配列番号1−28:本開示にかかる修飾ポリペプチドにおける固定化配列の一実施形態
配列番号29−34:本開示にかかる修飾ポリペプチドにおける細胞接着促進配列の一実施形態
配列番号35:本開示にかかる修飾ポリペプチドにおけるリンカー配列の一実施形態
配列番号36−37:本開示にかかる修飾ポリペプチドにおけるリンカー配列の一実施形態

Claims (12)

  1. ペプチドで修飾された培養面を有する細胞培養容器であって、
    細胞接着促進配列と固定化配列とを含む修飾ポリペプチドの前記固定化配列が前記培養面を構成する基材表面に結合し、
    前記細胞接着促進配列が、一端が前記固定化配列を介して前記培養面に固定化された固定端となり他端が自由端となるように前記培養面に配置されている、細胞培養容器。
  2. 前記修飾ポリペプチドが、前記細胞接着促進配列とリンカーと前記固定化配列とがこの順で結合しているアミノ酸配列からなり、前記リンカーが、ペプチド結合又はアミノ酸残基数1〜25のペプチドである、請求項1記載の細胞培養容器。
  3. 前記基材の材質がポリスチレン樹脂であり、前記固定化配列が配列表の配列番号1から20の配列から選択される、請求項1又は2に記載の細胞培養容器。
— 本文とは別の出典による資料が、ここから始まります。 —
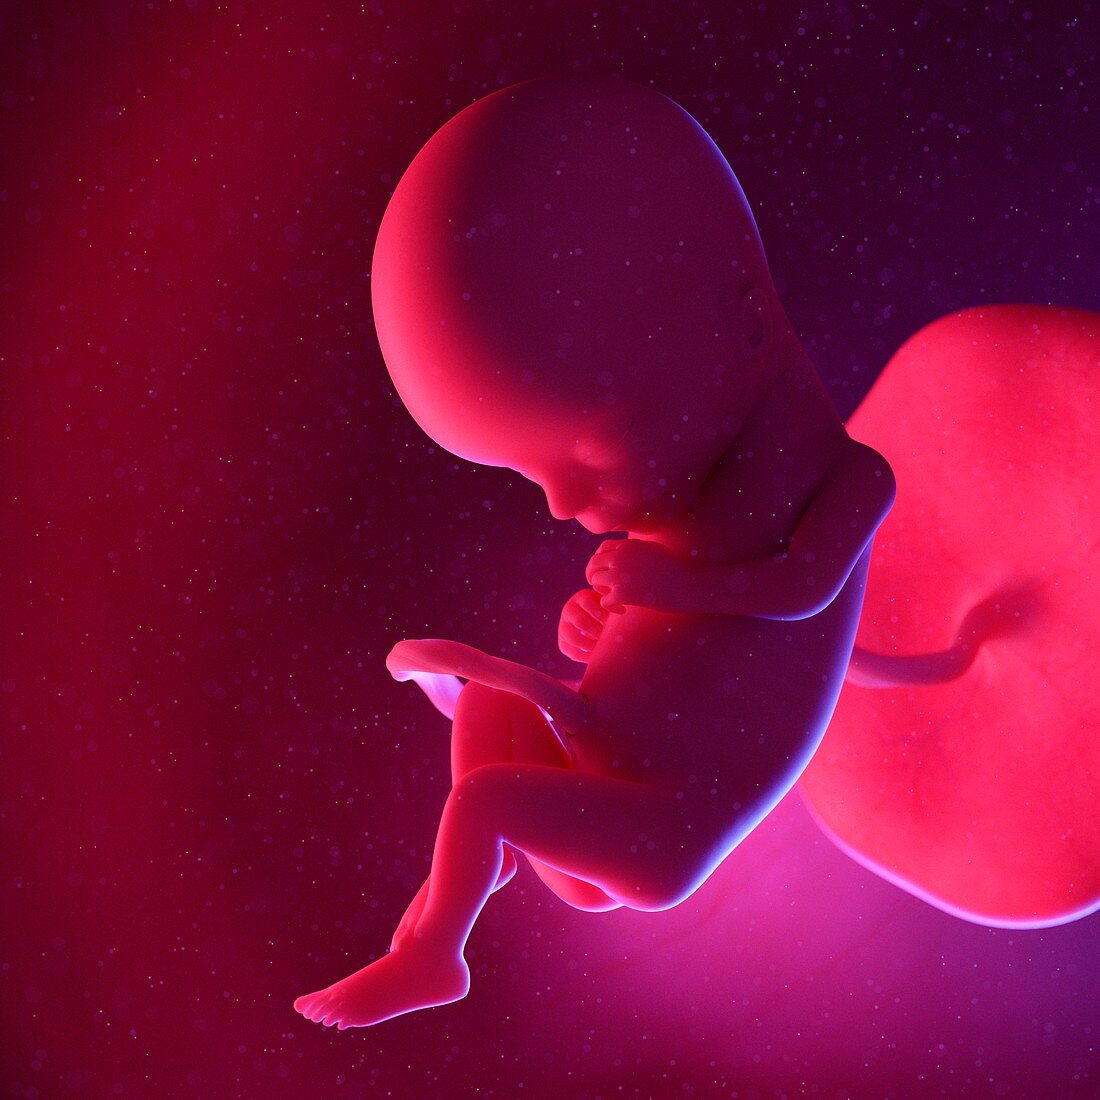 Fetus, illustration

  4. 前記基材の材質がポリカーボネート樹脂又はポリメチルメタクリレート樹脂であり、前記固定化配列が配列表の配列番号21から28の配列から選択される、請求項1又は2に記載の細胞培養容器。
  5. 前記細胞接着促進配列が、前記培養面に一種類又は二種類以上配置されている、請求項1から4のいずれかに記載の細胞培養容器。
  6. 前記細胞接着促進配列が、配列表の配列番号29及び30の配列の少なくとも一方である、請求項1から5のいずれかに記載の細胞培養容器。
  7. 請求項1から6のいずれかに記載された細胞培養容器の製造方法であって、
    前記修飾ポリペプチドと前記培養面とを接触させることを含む、細胞培養容器の製造方法。
  8. 請求項1から6のいずれかに記載された細胞培養容器の製造に用いる修飾ポリペプチドであって、前記細胞接着促進配列とリンカーと前記固定化配列とがこの順で結合しているアミノ酸配列からなり、前記リンカーが、ペプチド結合、又は、アミノ酸数が1〜25のアミノ酸配列である、ポリペプチド。
  9. 配列表の配列番号36又は37のアミノ酸配列からなる、請求項8記載のポリペプチド。
  10. 請求項8又は9に記載のポリペプチドを発現可能なベクター。
  11. 請求項1から6のいずれかに記載された細胞培養容器を用いた細胞培養方法。
  12. 請求項1から6のいずれかに記載された細胞培養容器を用いて細胞を培養することを含む、細胞の製造方法。